When one looks at the flaws within The House of Fame it brings to question the

construction of the modern English canon and how it is formed. Obviously, Minnis'

claim that the oldest texts were generally considered the best is an idea that is

prevalent even today. Certainly the academic institutions were still a main factor

regarding the formation of the English canon. Like Geffrey and Chaucer who studied

classical writers like Virgil, Ovid and Dante, students studied this at school as it was

considered the most "valuable" of the texts, again reflecting the "older is better" idea

of 'auctoritas`. According to Kaplan and Rose, Dr. Samuel Johnson's Lives of the

Poets was the beginning of the formation of the English canon. Dr. Johnson chooses

the books that he personally felt was admirable and worthy of his praise. Already there

is the presence of an "elitist" society. Originally, as only the wealthy and privileged

were able to read and write, the process of the English canon was decided by the key

academic and scholarly figures, who decided to choose what the "right" type of work

would go into the English canon and repeatedly studied at institutions, therefore

making it cyclical, ever-renewing and therefore a permanent text that was entrenched

within The House of Fame.

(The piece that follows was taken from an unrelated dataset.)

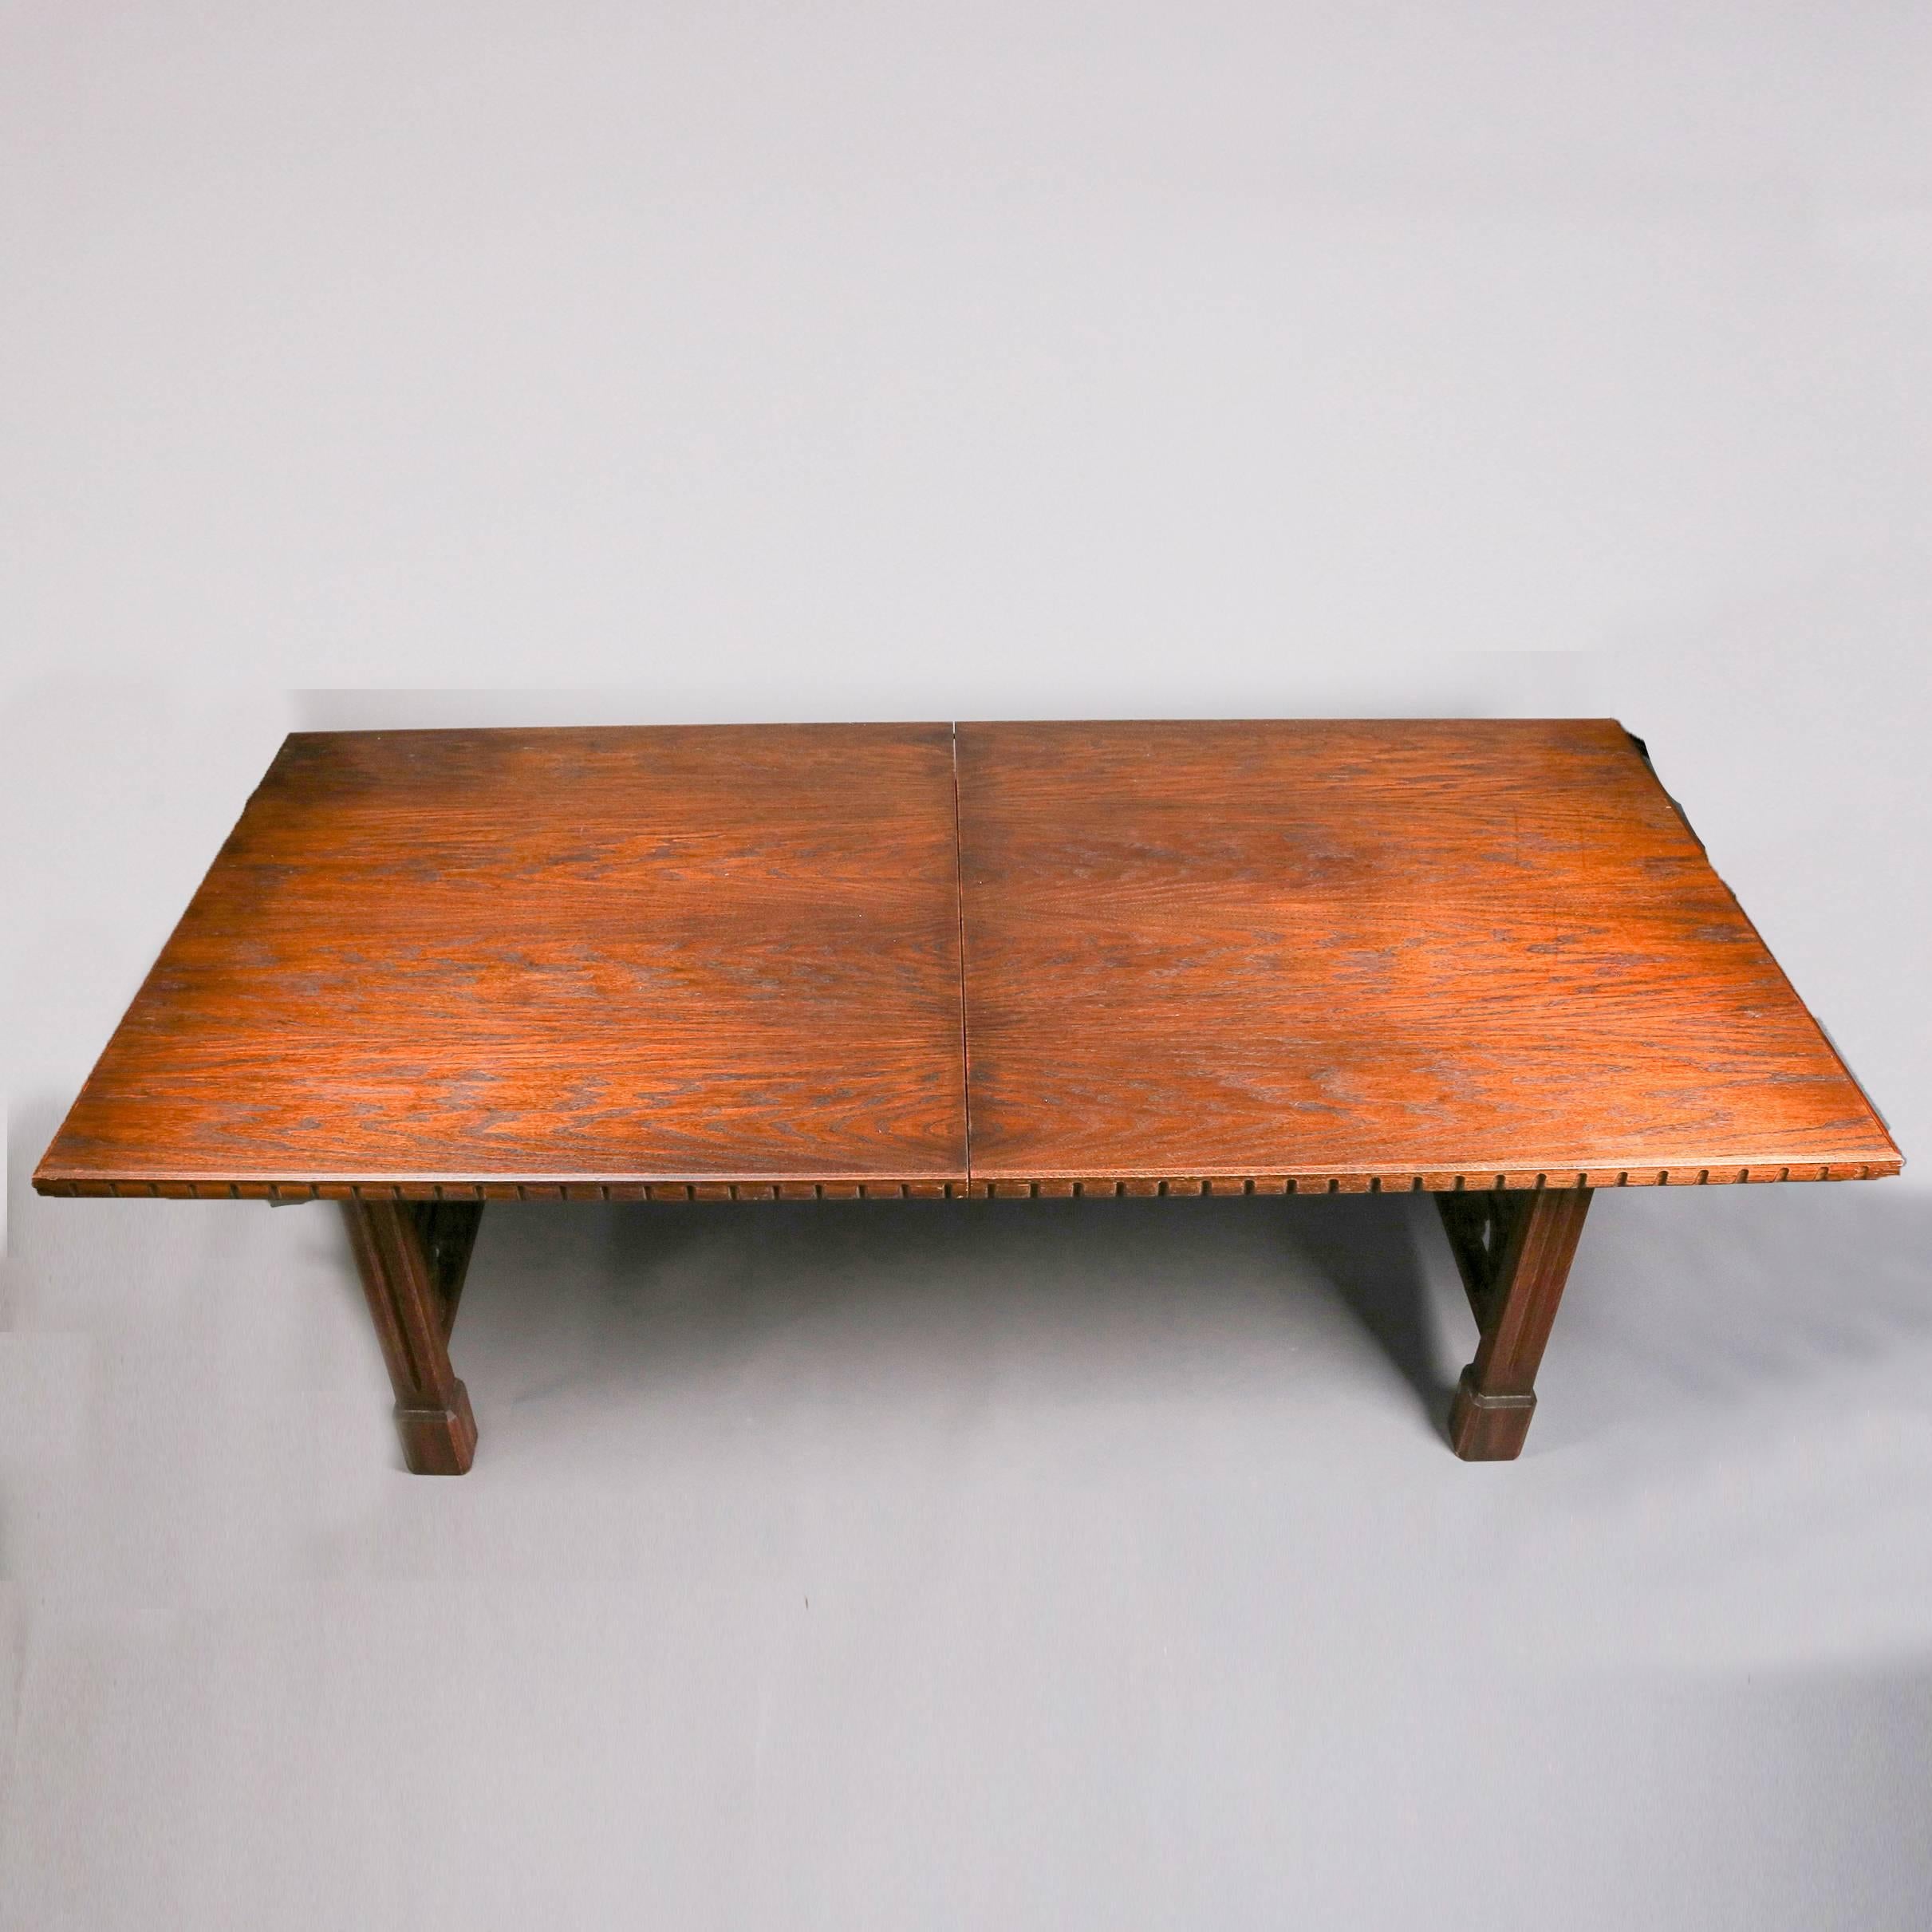 Antique English walnut Gothic trestle table features cathedral arch form carved and pierced sides and dental form carved edges, with two leaves, 19th century

Measures:  29.5" H x 90" W x 44" D, 2 leaves 18" W each, 126" W

Just as the early oral heroic poetry was created to make

characters like Beowolf famous and therefore a permanent reminder to the population,

the written texts also serve as the anchor of "fame". However, there is also the

ephemeral nature of "fame", just as names melt into oblivion in The House of Fame,

the modern reader's disinterest in a text can also disintegrate the "fame" of a text.

Suddenly the various canonised texts may not be considered relevant; an obvious

example of this would be the arrival of feminist theories, eventually emerging in

academic institutions and "melting" the "fame" and status of many canonical authors

and texts, who no longer are considered appropriate or informative. It would seem

that Chaucer's depiction of The House of Rumour could also be correct. The power of

the written word has survived far better than that of the spoken. There are few if any

"rumours" that remain fresh and clear several hundred years later. The spoken word is

carried away in the wind, the constant mutterings often forgotten whereas the written

word has endured for many hundreds of years.

Clearly Chaucer has mixed feelings toward the power of literacy and orality. Both

can be enduring, but in an increasingly more literate society, the use of orality to

immortalise narrative events is rarely used. As Chaucer indicates, the written word

does remain in The House of Fame whereas the spoken word is more likely contained

within the constantly changing murmurings in The House of Rumour. However,

although Chaucer is himself a scholarly and academic man like Geffrey, he is still

rather mocking of the academic society and the scholars who seem to be permaently

fixed within the world of literature and relying entirely on book-learning, rather than

experiences from the events in the outside world of reality. Chaucer within his

description of The House of Fame also questions the relevance of literary works,

proving that the "fame" of authors and their works is a tenative one. Chaucer is clearly

reveals the beginnings of the English canon and the works contained within it. He

stresses the fluctuations of "fame" and how works can become a part an elite

grouping. The modern reader knows, that the books within the English canon may

gradually disappear or can reemerge, depending on the attitudes of people like

Geffrey, the readers and scholars, and of institutions that continually study the

"classical" texts. According to Chaucer, "fame" is not considered a noble

accomplishment and the result of chance rather than any literatary merit or virtue.